Наше поколение дряхлеет в мечтаниях и самообольщениях. Оно точно молодое дерево, застигнутое холодом во время весны: летнее солнце только сушит его тощие, худосочные листья. Известные учения, всем надоевшие измы выдохлись и брошены; высокообразованные и гуманно развитые люди, впрочем, сохранили немногие капли этих духов в виде благородных, гуманных убеждений и идей; но жизнь безжалостно докалывает эти пузырьки, сберегаемые для освежения и подкрепления слабых голов. Это похоже на игру чёрта с младенцем, и было бы чрезвычайно жестоко, если бы одно недоразумение не делало этой игры смешной и нелепой.
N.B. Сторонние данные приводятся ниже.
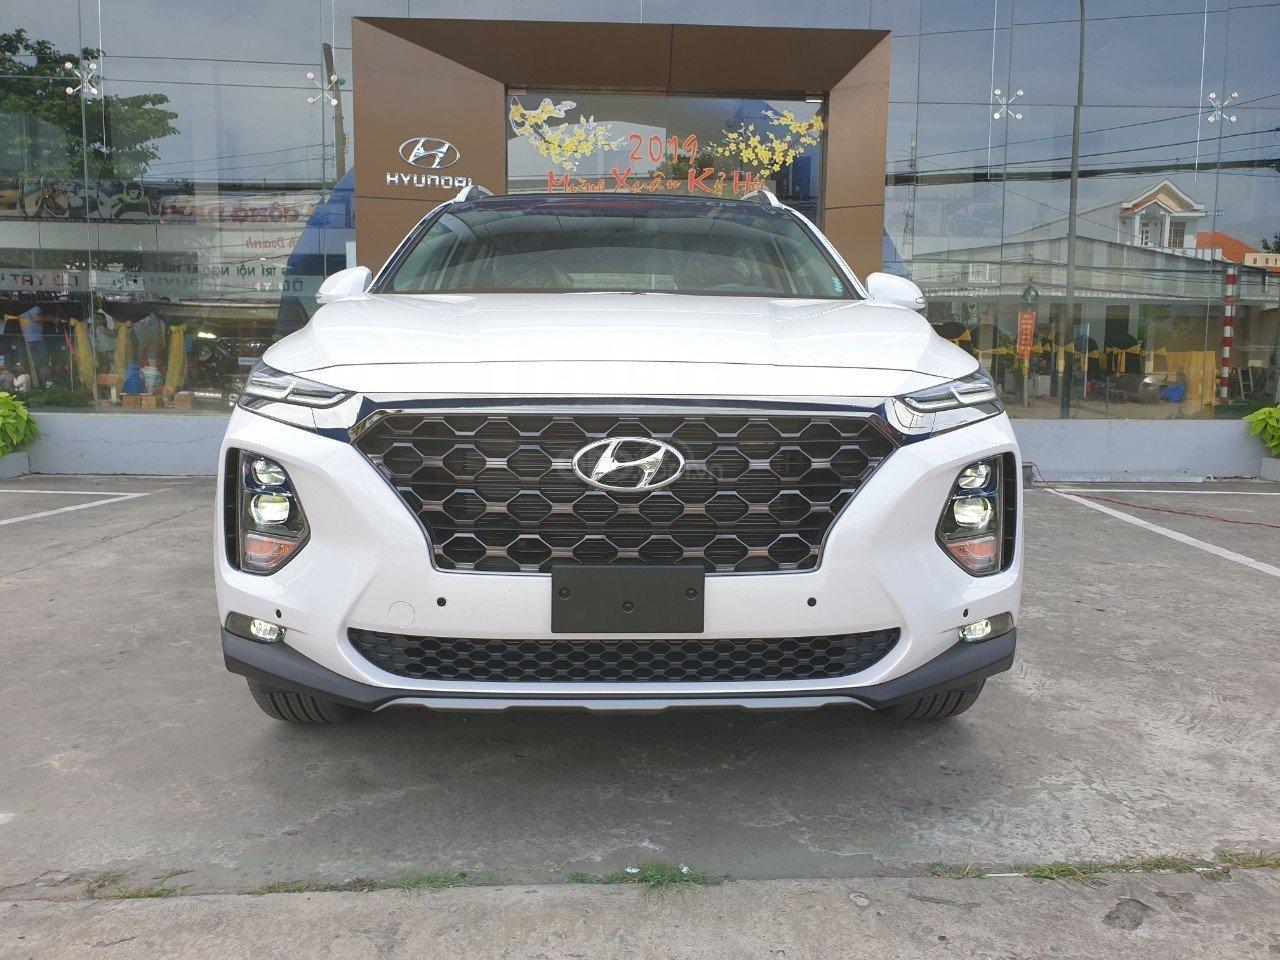 Hyundai Santa Fe 2019 biển số ngũ quý 5 được rao bán với giá gấp đôi a2

Между тем, как дух времени, общество избивает этих младенцев, гниющих в более или менее возвышенных мечтах о будущих лучших временах,

…Когда народы, распри позабыв, В великую семью соединятся.

Оно не хочет подумать о том, что эти младенцы — его же дети и живая улика отцов. В чем сущность и последний результат этих не только социально-коммунистических, но и тех благонамеренных, так называемых научных, мечтаний о человеке и обществе, которые наши сантиментальные педагоги-институтки внушают при всяком случае своим гимназическим отрокам? В полном предании себя на заклание обществу, в сквозном проникновении себя идеей о благе людей, о поголовном братстве и равноправности всех на одинаковое развитие, на одинаковые наслаждения и удобства, в совершенном обезличении человека. Зачем же наше общественное сознание брезгливо отворачивается от этих бредней, как противных духу и строю нашей жизни, как подрывающих основы ее? Разве не тем же пропитан дух и строй нашей жизни? Разве не этим же протухшим салом смазываются все ее колеса?..

5 Авг[уста].

Есть своеобразная поэзия в раздумье человека о будущей судьбе своей, когда он подходит к рубежу действительной, настоящей жизни хоть с каплей прежнего юношеского одушевления. Пробравшись извилистыми тропами юности и так называемого воспитания, с сомнением и надеждой останавливается он пред камнем, откуда начинается расход великих житейских дорог, читает вещие надписи, гласящие о выборе той или другой, и с тревожной думой смотрит в туманную даль. Все есть в этой думе, и трудно сказать, чего больше — мысли, сердца, фантазии и старания обмануть себя или чего другого; образы прошедшего, призраки и чаяния будущего сталкиваются в голове и набрасывают на все ее образы, создаваемые ею вместо мыслей, тот же туманный покров, какой лежит на простирающейся пред глазами дали. Тут все мыслит в человеке с ног до головы, и, разумеется, мыслит неясно, безотчетно, детски, как умеет мыслить только юность, незнакомая с разделениями и определениями.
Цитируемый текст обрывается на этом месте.